My 3 Lessons from CES: How Tech Makes Great Products Happen
Stephen Reily
January 8, 2015
This year’s CES (bigger than ever, and more interesting than usual) failed to offer one show-stopping piece of technology, but did offer many lessons about how technology leads to innovation – not always the way we expect.
At IMC we’re always trying to find better ways to make great products happen, and CES 2015 left me with 3 big lessons about the sometimes-crooked path that turns innovation into great new products.
How Did Cars Get Smart So Fast?
10 years ago almost no auto companies exhibited at CES. This year 10 major car makers were there. What happened?
A lot has been written about the “connected car” and all the ways that cars can now serve up the internet and its mass of data in new ways. But just turning your car into another smartphone does not really change the car.
Using technology to make your car drive better and more safely does. The innovation that has given cars their own smartness and turned auto manufacturers into real tech companies (and not just transmitters of tech) turns out to be automated driving.
Google’s self-driving cars generate amazing results for Google Maps but they never struck me as the kind of vehicle anyone would actually want to give up the wheel for. Feeling a Tesla accelerate under your own foot pressure is a far more exciting way to enjoy new technology.
But the technology that made self-driving cars possible also made it possible to offer cars with a number of other unexpected features: cars that can park themselves; cars that can modify cruise control based on the speed of other cars around you; cars that tell you if you’ve unexpectedly changed lanes; and cars that can recognize if you’ve had a heart attack and safely remove your vehicle to the side of the road and stop it. At the moment, it looks like the tools that enhance the driving experience are tools we would actually pay for; and tools that actually transform cars into time-saving (and life-saving) technology devices themselves.
The lesson: turning innovation into marketable products takes a combination of smart engineers and real-world marketers. Mainstream manufacturers (outside of Silicon Valley) may turn out to be the next wave of great tech companies.
Do you Really Need the Internet on Your Wrist?
This was the CES year of wrist-based technology – and not just for fitness. There were watches/wristbands that:
- Measure your sleep
- Wake you up
- Measure your exercise
- Count your calories
- Calm you down
- Tells you when you’re getting a call or text
- Take a picture
And that doesn’t even include the Apple Watch (since Apple doesn’t come to CES).
Why is the wrist getting so much attention?
Part of the answer may be because a wristband is not a phone. I suspect that many of these wristband-oriented companies are trying to figure out how to keep their innovations from being swallowed up by smartphones that are quickly gaining capacity to do new things (like counting your steps). But that doesn’t mean they’ll succeed. As far back as Dick Tracy, innovators have predicted that we’ll want to use our wrists in new ways – and few have yet succeeded.
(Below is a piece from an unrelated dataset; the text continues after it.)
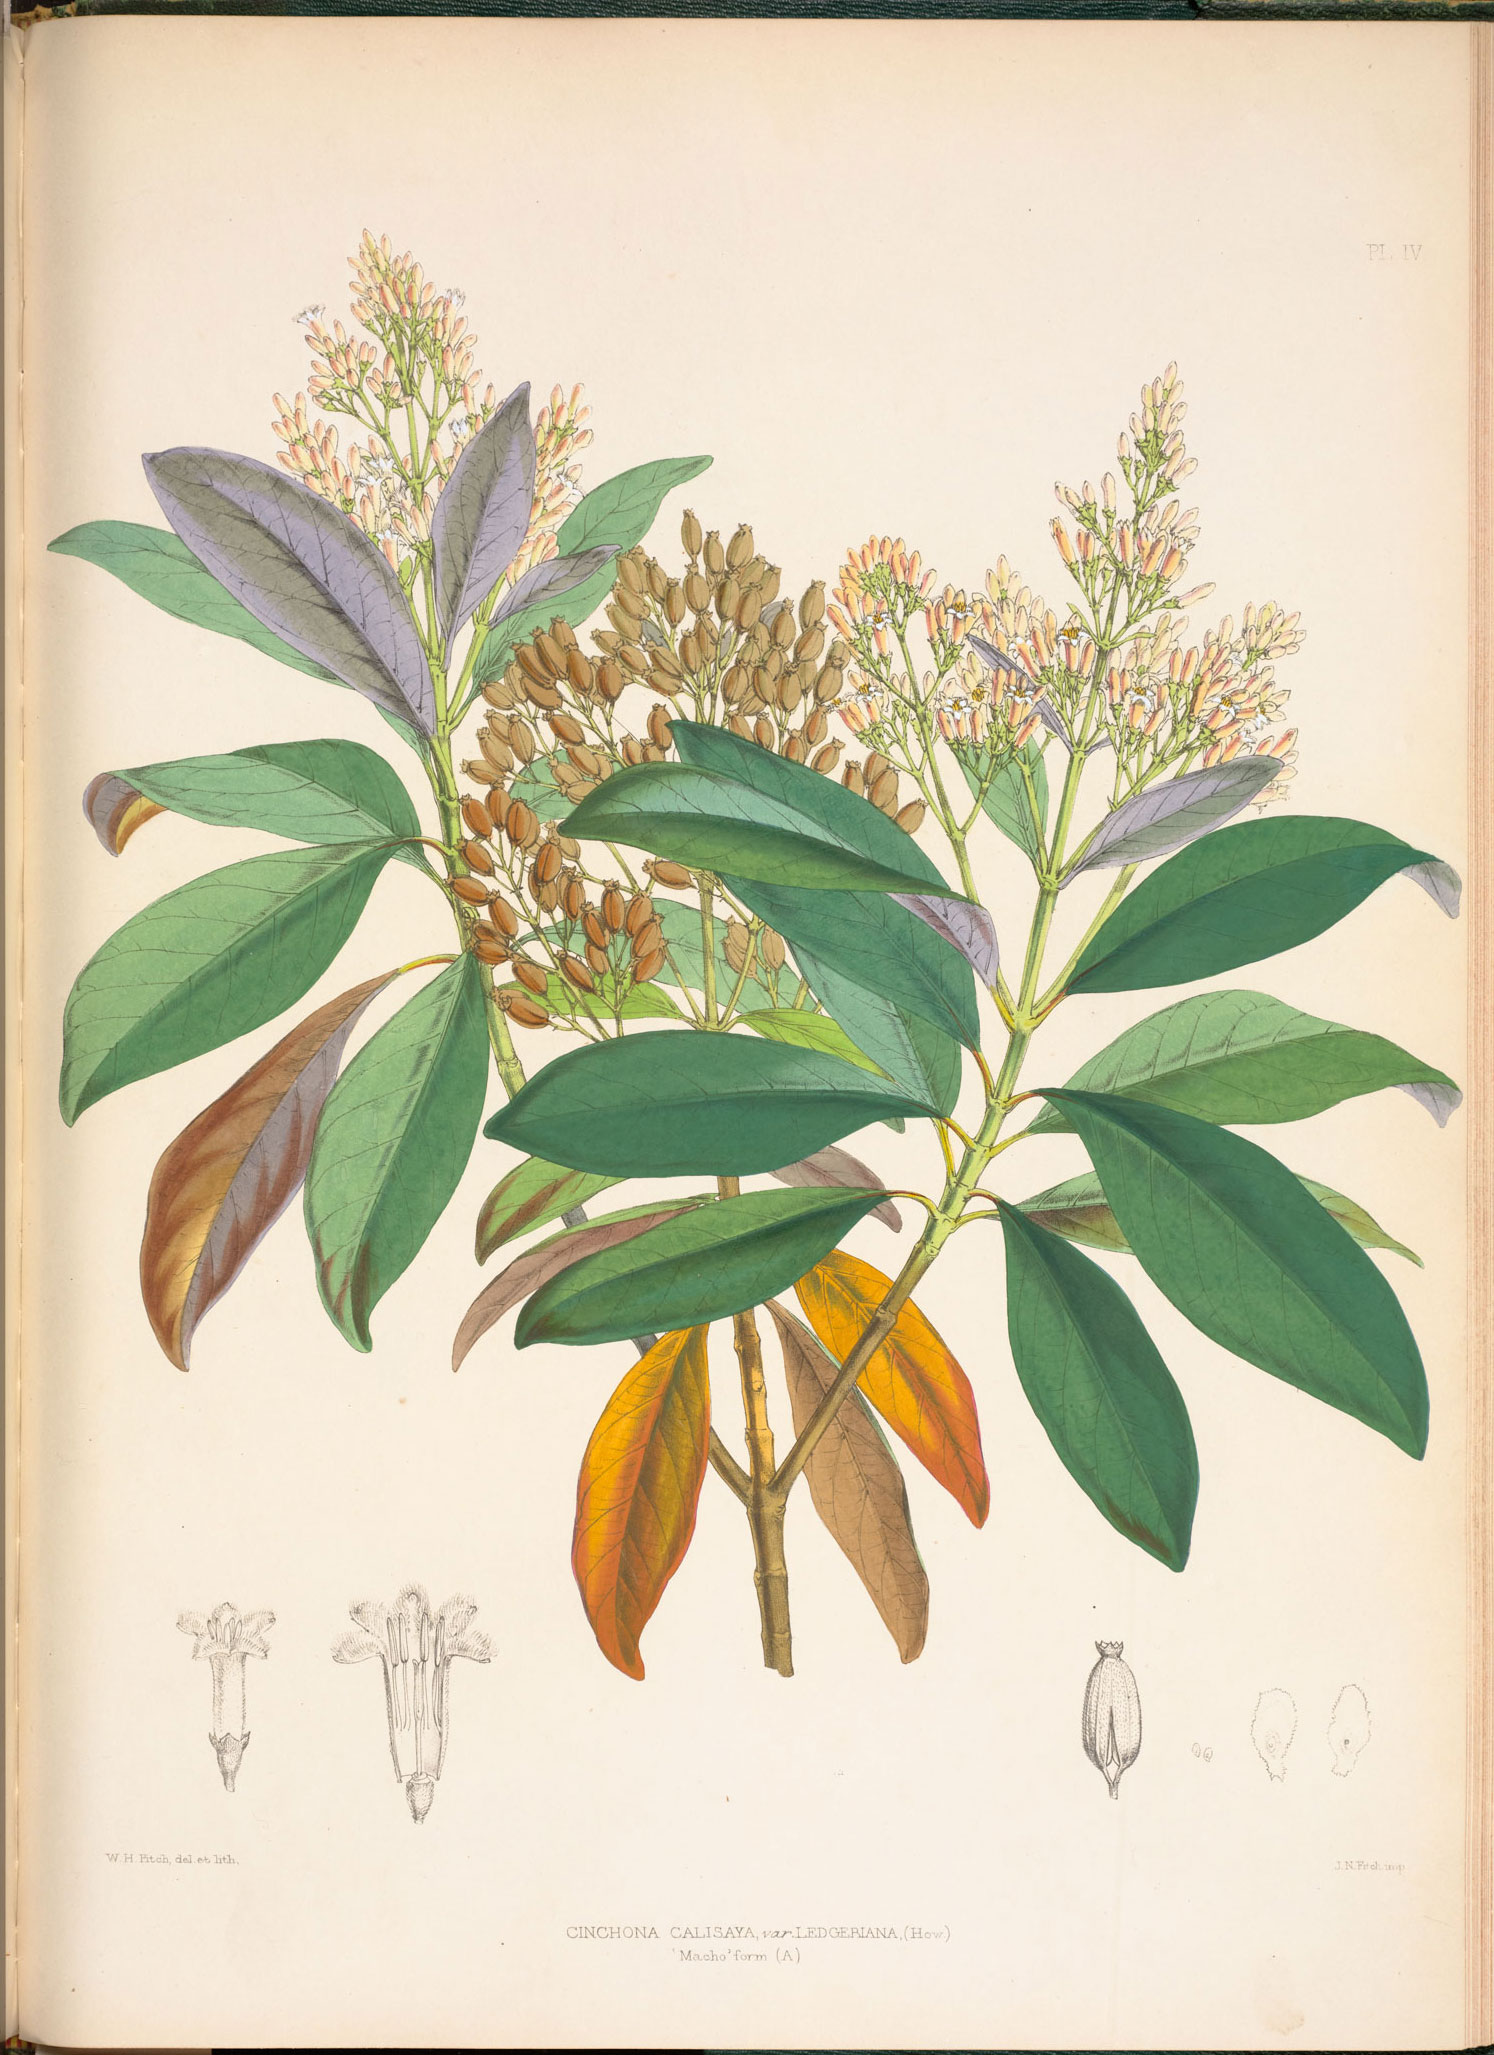 Botanical illustration of Cinchona leaves

Lesson: Sometimes “innovation” is simply a place where a new technology wants to show off – and not the place where it will end up. Your wrists can relax.
Go Big or Go Niche?
This is the hardest question facing new technologies today. Apple goes big, and going big gets the biggest, fastest payoff. So most innovators want to go big. But most product innovation first succeeds in a niche.
Nest went big, and won big (when Google bought it for $3.2 billion), assuming that people want to manage their home thermostats from their phones. But, as Microsoft’s James Whittaker pointed out at CES, did you ever hear people complaining about how much time it took to manage their thermostats via their thermostats? As Whittaker and others pointed out at CES, maybe the most valuable solution won’t be the ones that address the biggest categories but the ones that address our biggest pains – like whether our propane tank is full or not, or how to manage the appropriate level of chemicals in our hot tub.
I saw this tension everywhere at CES, a tension between addressing a smaller market with an extremely specific need or a larger market with a less pressing need. Is it better to target the entire fitness market or the triathlete? Better to target people who are diet-conscious or adult diabetics?
The answer isn’t always clear, but CES reminded me of the importance of always asking the question.
My final lesson? The closer an innovation comes to meeting somebody’s pressing real-life need, the more likely somebody (and not just another company) is to buy it.